Table 3. Parameters from fits of the two-state model to concentration response date in the presence and absence of PS
PS increases the efficacy of glutamate and glycine at NR1/NR2A receptors, but primarily increases the potency of glutamate and glycine at NR1/NR2B receptors, suggesting that glutamate and glycine have lower efficacy at NR1/NR2A than at NR1/NR2B receptors. As calculated from the fitted parameters (Table 3), saturating glutamate and glycine activate only 16% of NR1/NR2A receptors, but 88% of NR1/NR2B receptors. In contrast, NMDA has low efficacy at both NR1/NR2A and NR1/NR2B receptors, producing (at saturating glycine) 13 and 62% maximal activation, respectively, so PS enhances the efficacy of NMDA in both cases.
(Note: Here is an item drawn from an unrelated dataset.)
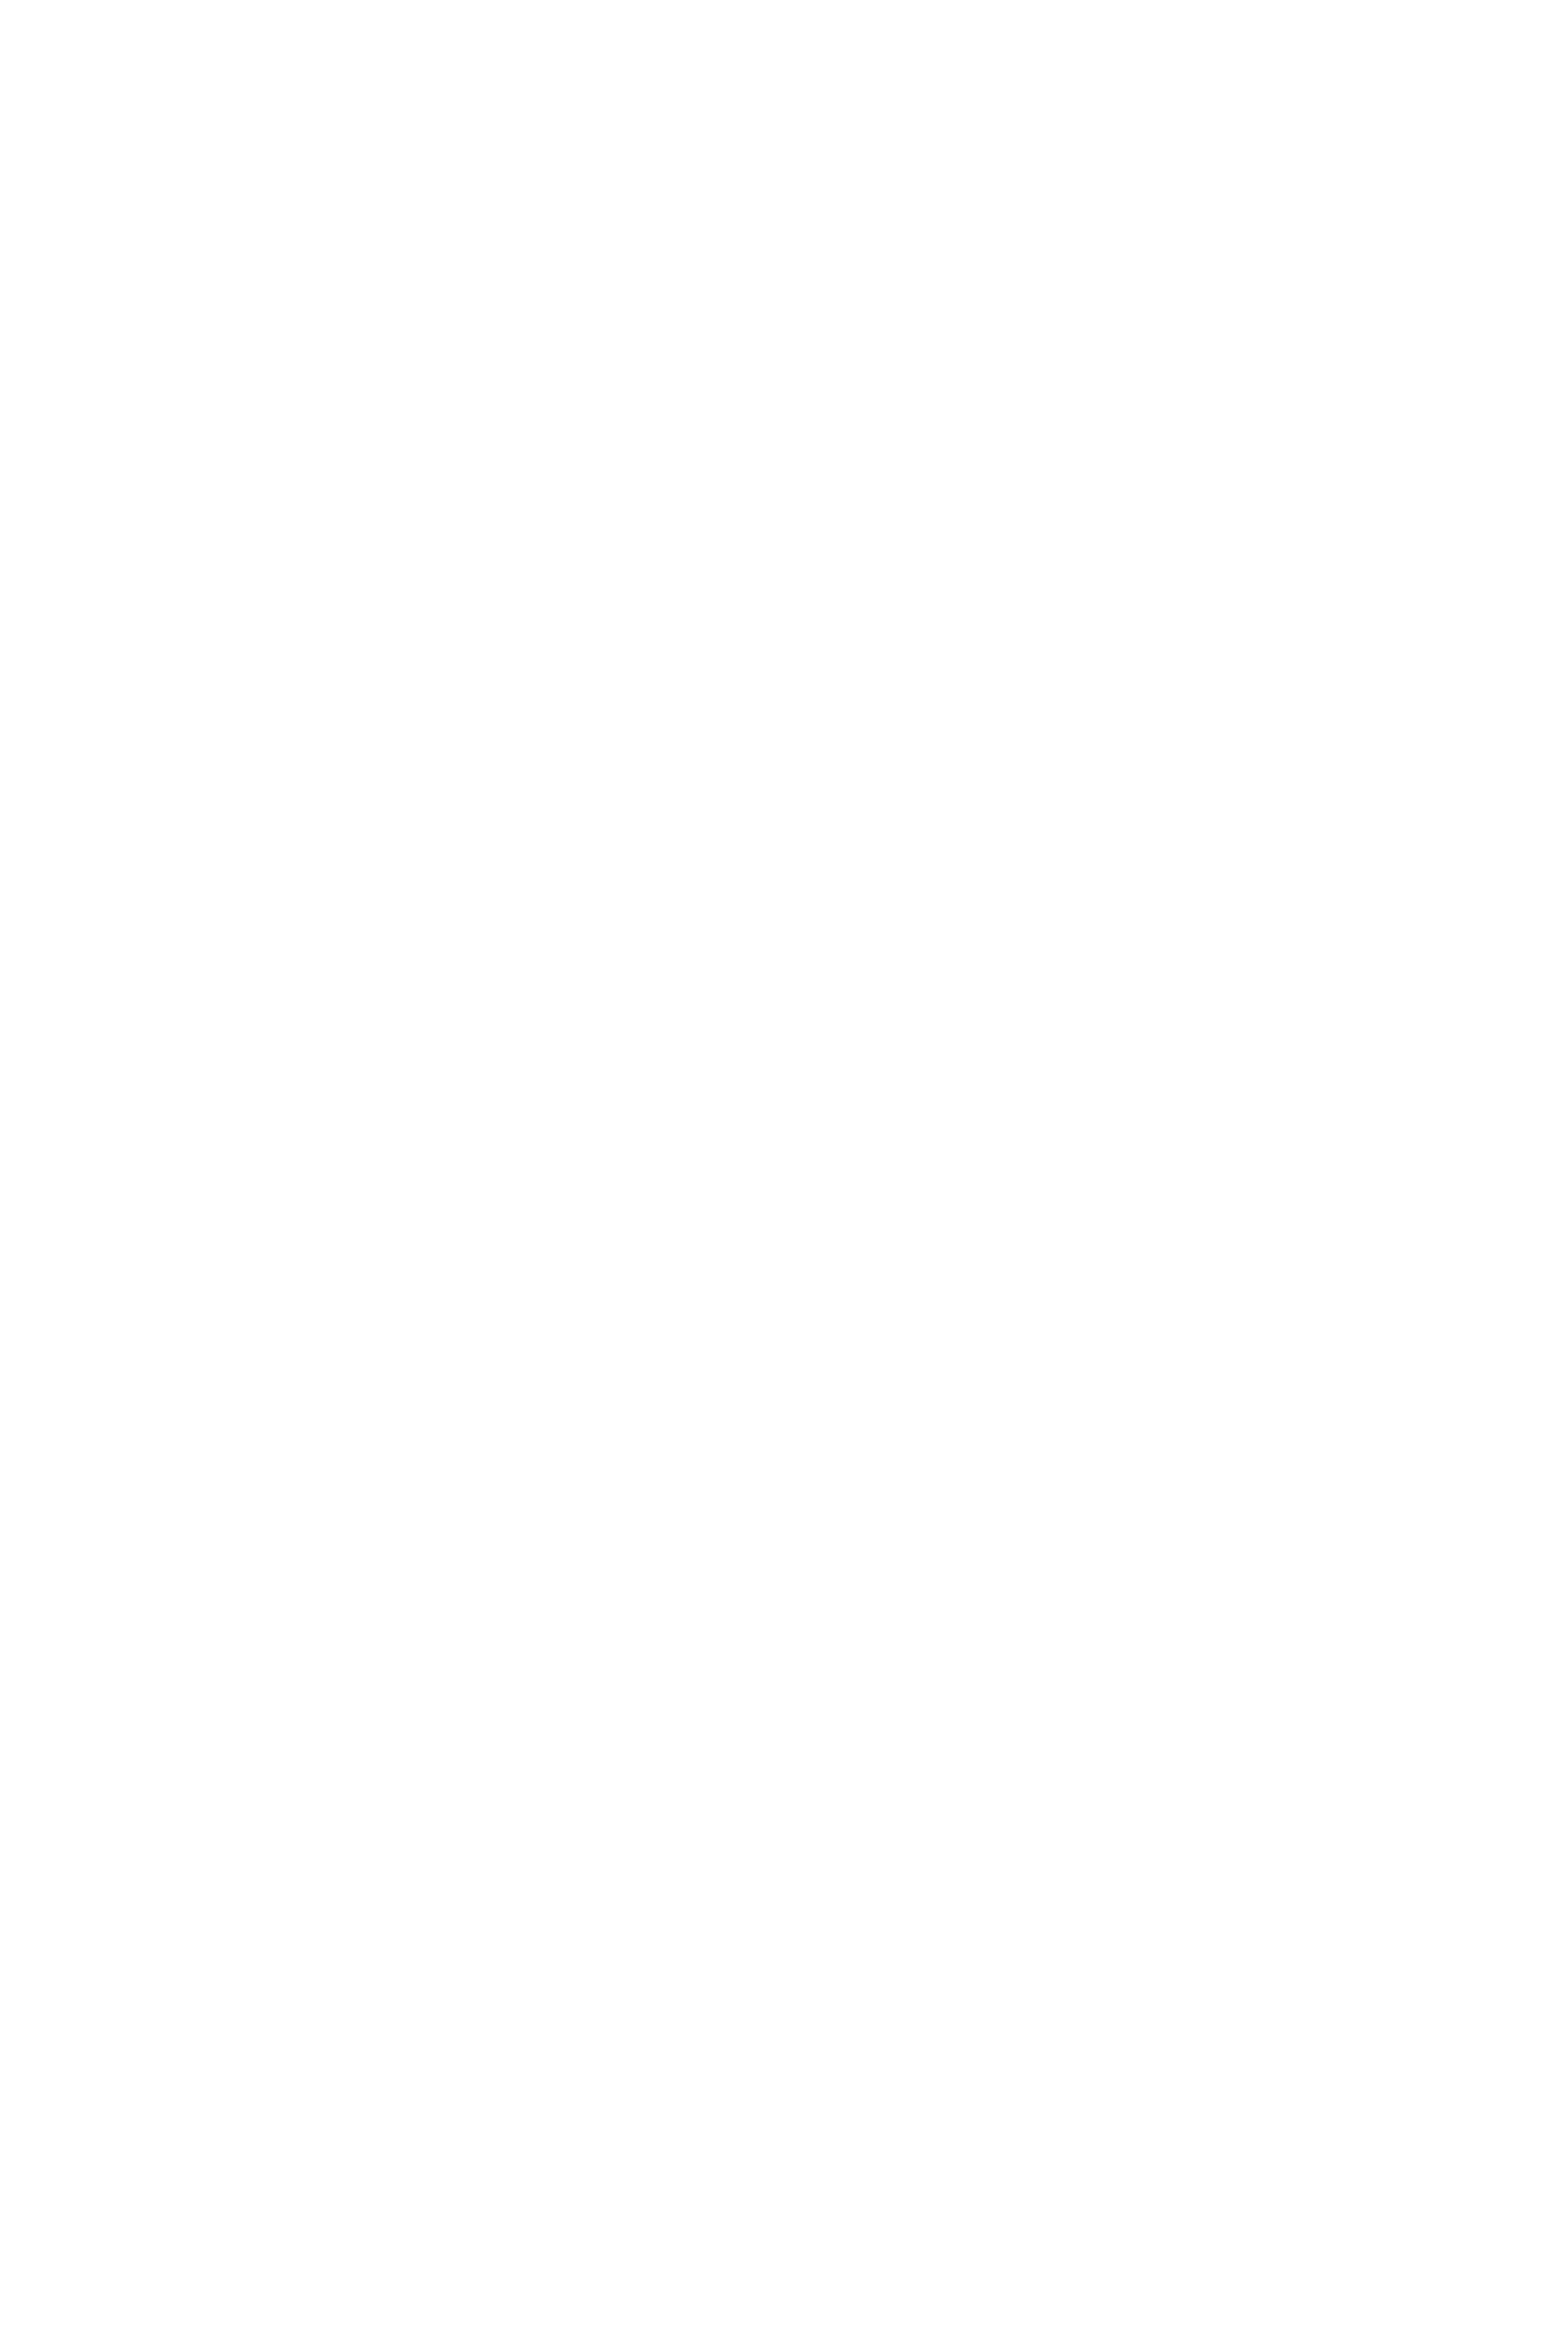 Красил Макар, Фотосинтез, 2020 холст, масло, 60 х 90 см

Conversely, the two-state model predicts that a negative allosteric modulator will primarily decrease the potency of a high-efficacy agonist, while decreasing the efficacy of a partial agonist. In the case of NR1/NR2C and NR1/NR2D receptors, the major effect of PS is a reduction in the efficacies of glutamate, NMDA, and glycine, suggesting that all of these agonists are relatively inefficient in activating NR1/NR2C and NR1/NR2D receptors. However, while the model produced a good fit to the data, it was not possible to obtain a unique set of parameter estimates (i.e. more than one set of values produced a good fit) for the NR1/NR2C or NR1/NR2D combinations, indicating that the information in the concentration-response data is not adequate to fully define all 10 parameters for the inhibitory effects of PS on these subunit combinations. Because the fits for NR1/NR2A and NR1/NR2B both yielded estimates of about 7×10−5 for M (the resting ratio of active to inactive receptors), the concentration response data for NR1/NRC and NR1/NR2D were fit with M fixed to this value, thereby reducing the number of free parameters (Table 3).
In contrast to the results obtained with PS, the two-state model was not able to adequately fit the 3α5βS concentration-response data for any subunit combination, suggesting that the mechanism of action of 3α5βS is different from that of PS.